Отечественная война 1812 года. Школьная хрестоматия
Шрифт:
Кроме воспитателей в собственном смысле — Николая Салтыкова, Протасова, Сакена, Екатерина II окружила своих внуков выдающимися наставниками; то были Крафт по экспериментальной физике, Паллас по ботанике, полковник Массон по математике, Михаил Муравьев по русской литературе и истории и нравственной философии.

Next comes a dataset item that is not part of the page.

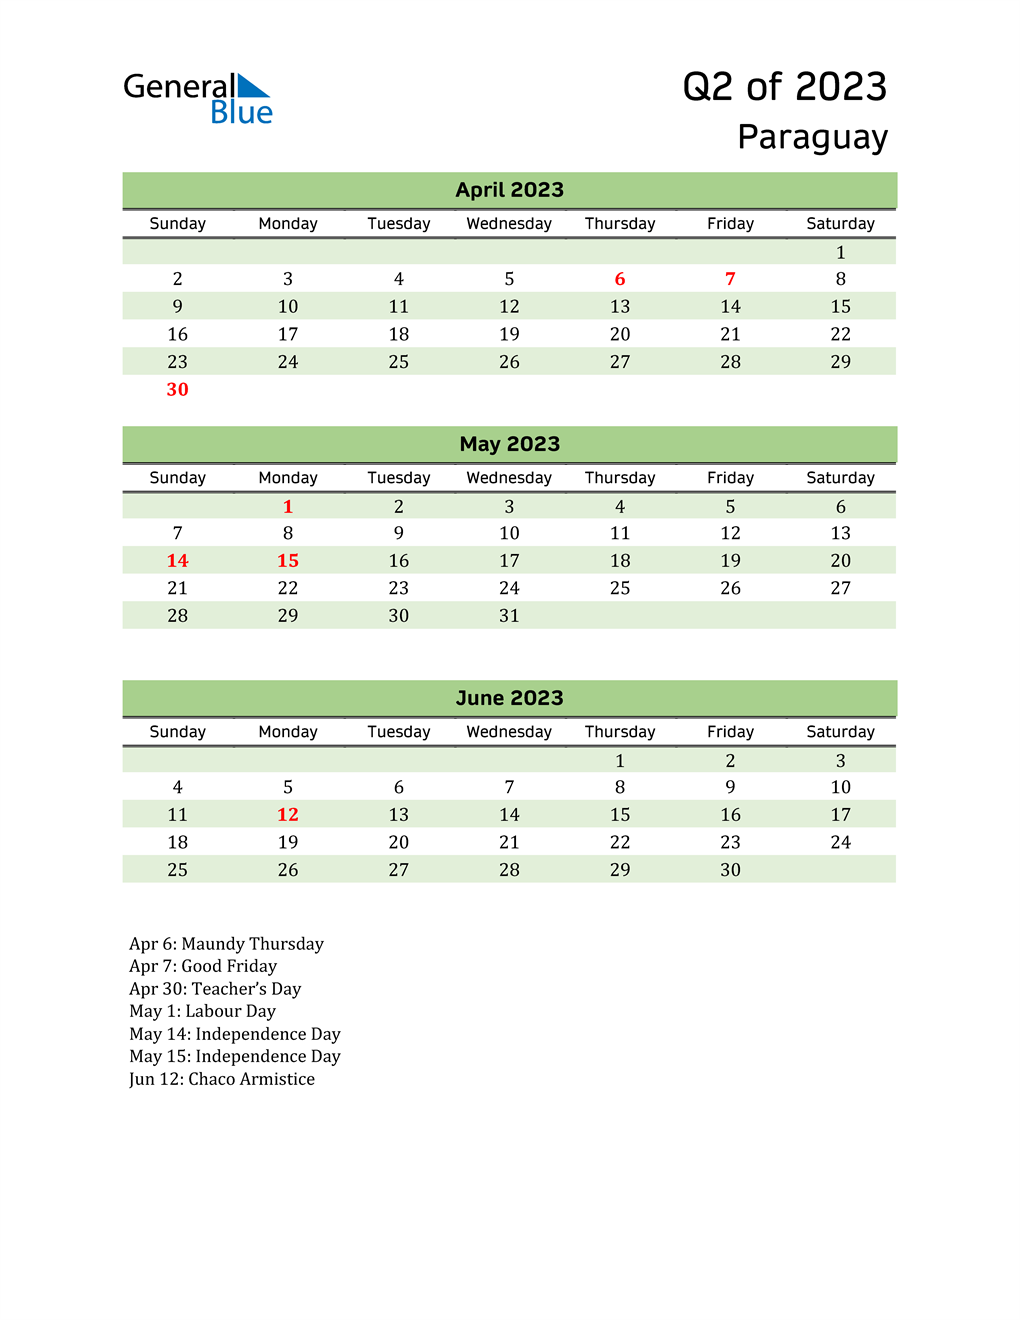  Quarterly Calendar 2023 with Paraguay Holidays

В 1783 году их воспитание было вверено полковнику Лагарпу, который в роль на-ставника вносил «сознание своего долга перед русским народом». Этот республиканец из Ваадтского кантона, будущий, инициатор швейцарской революции, старался дать обоим великим князьям чисто демократическое воспитание.
Среди приближенных Екатерины II, в особенности когда началась французская революция, поднялись ожесточенные нападки против Лагарпа, исходившие от приверженцев старины, агентов коалиции, французских эмигрантов. Императрица, насколько могла, поддерживала выбранного ею наставника.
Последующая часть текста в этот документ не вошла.